▶ Information provided

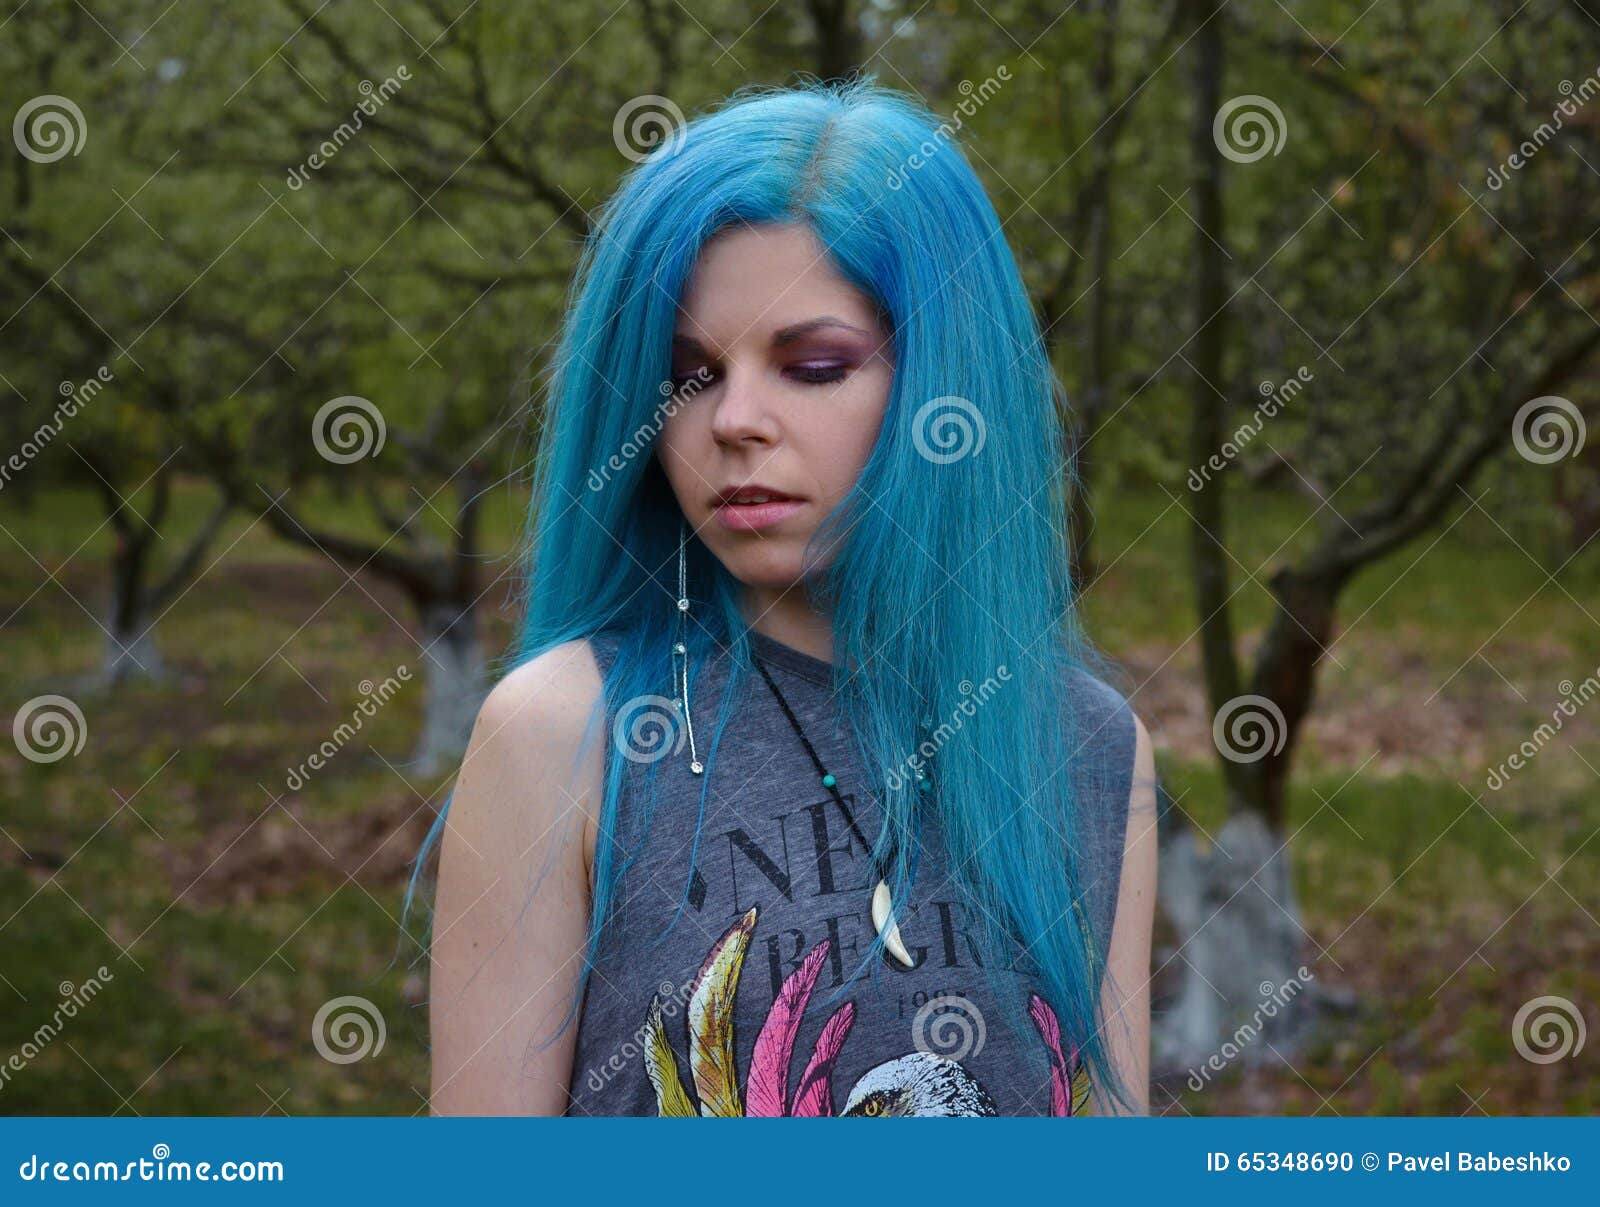 Haired girl blue the Fairy with
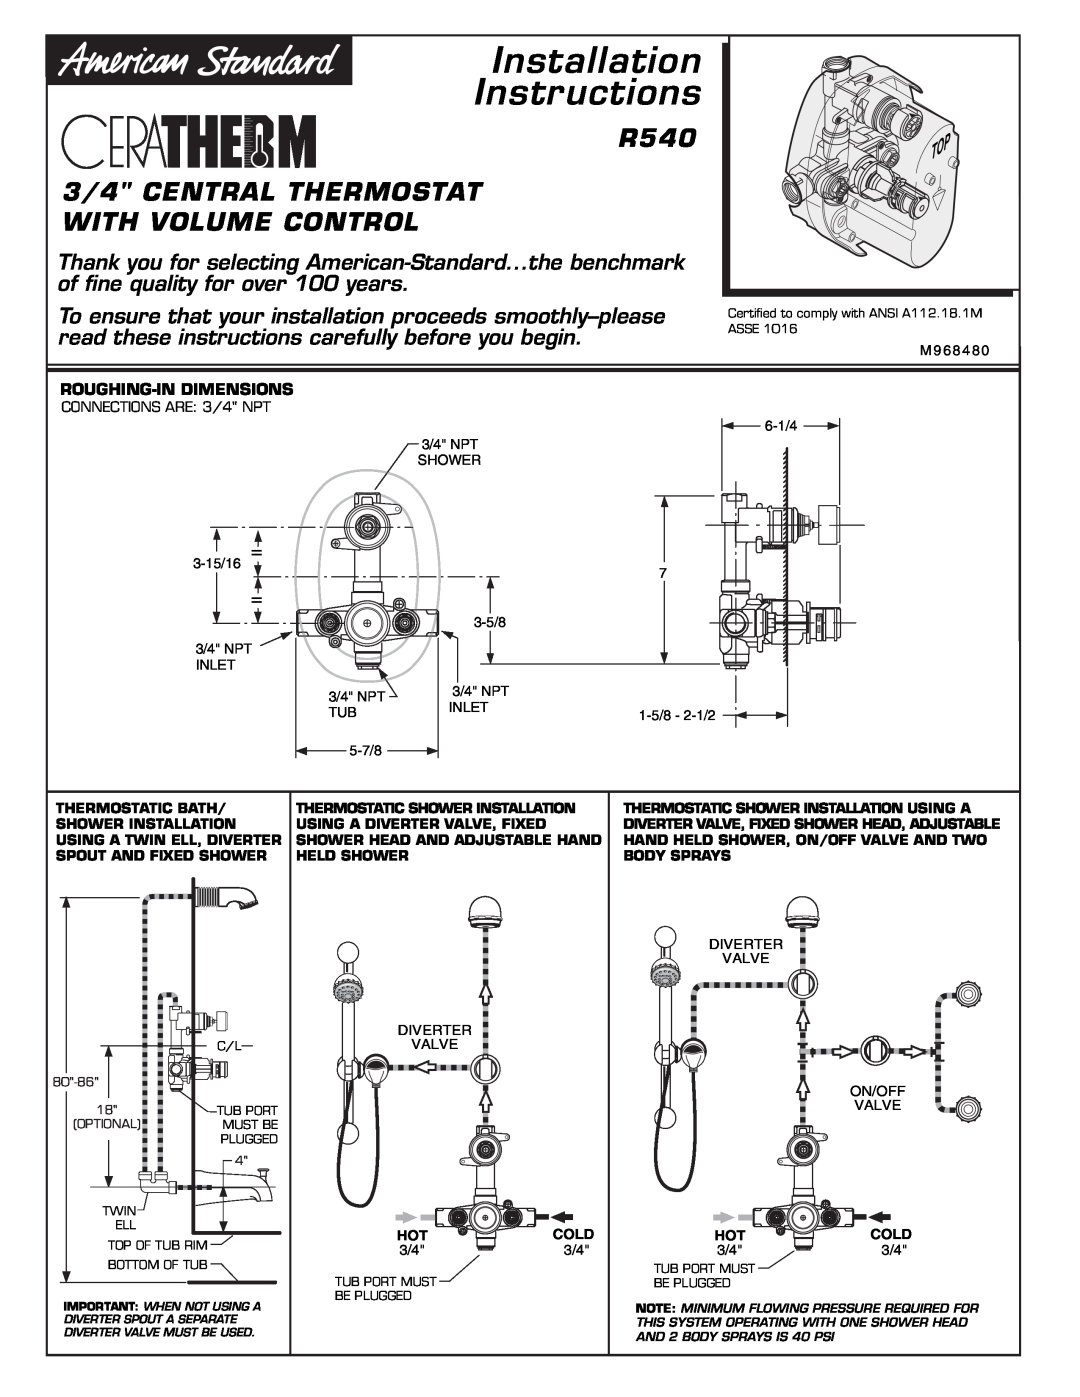 American Standard T373.741, T373.740, T373.742 R540 3/4 CENTRAL THERMOSTAT WITH VOLUME CONTROL, Installation Instructions 
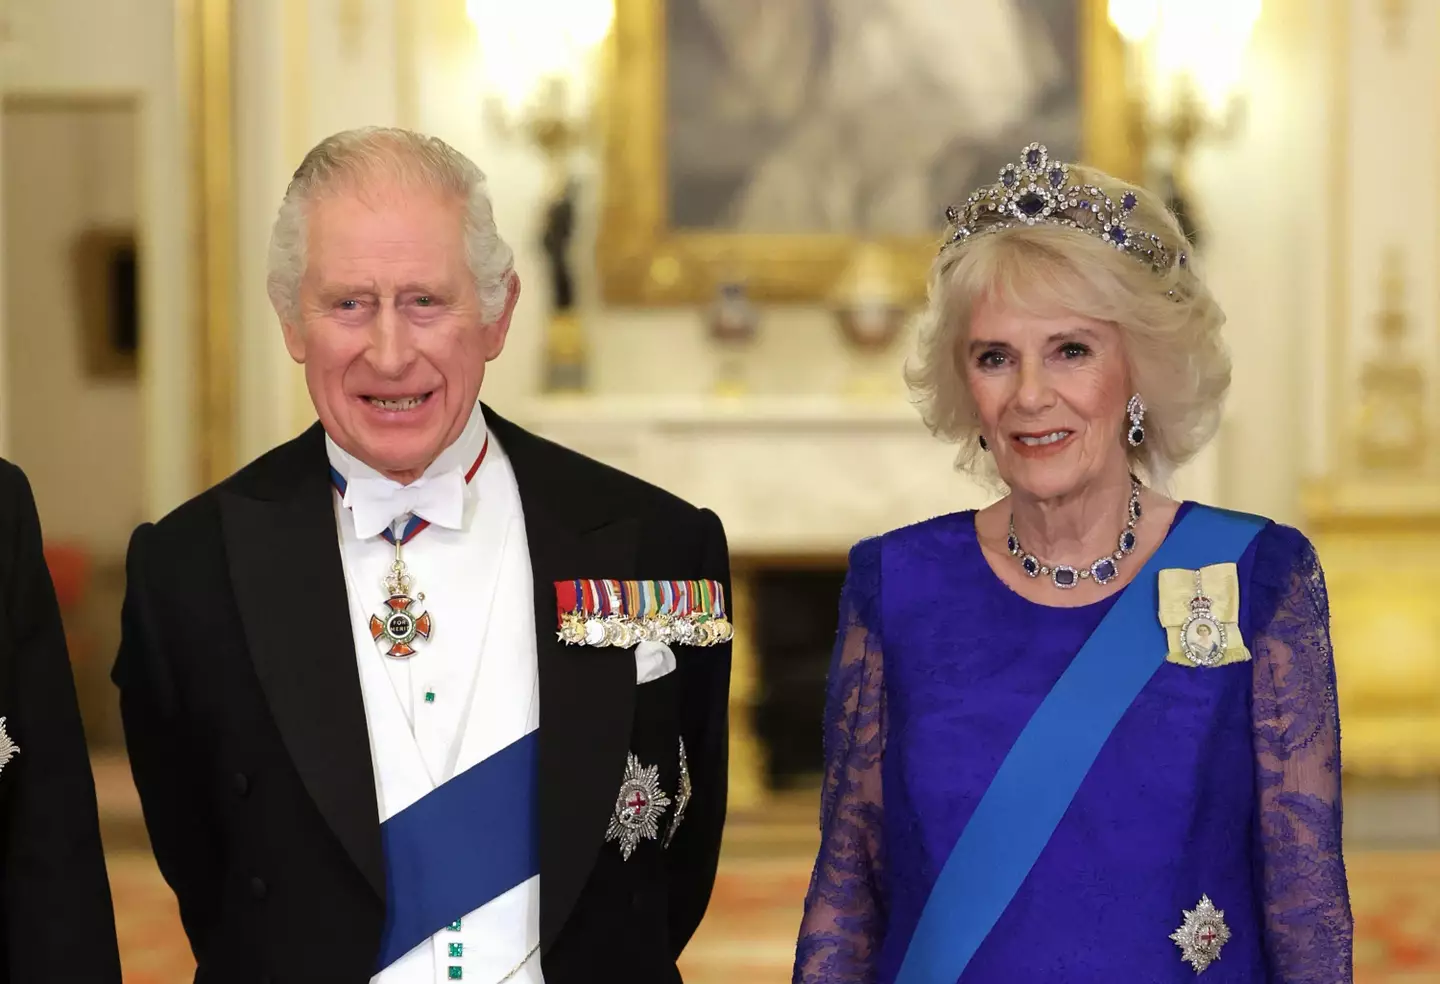 King Charles and Queen Consort Camilla will be crowned today (6 May).

▶ Task instructions
After locating the line with "American Standard T373.741, T373.740, T373.742" in the listing above, transcribe it and every line after it to the last, exactly, with no pictures.

▶ Answer for the task
 American Standard T373.741, T373.740, T373.742 R540 3/4 CENTRAL THERMOSTAT WITH VOLUME CONTROL, Installation Instructions 
 King Charles and Queen Consort Camilla will be crowned today (6 May).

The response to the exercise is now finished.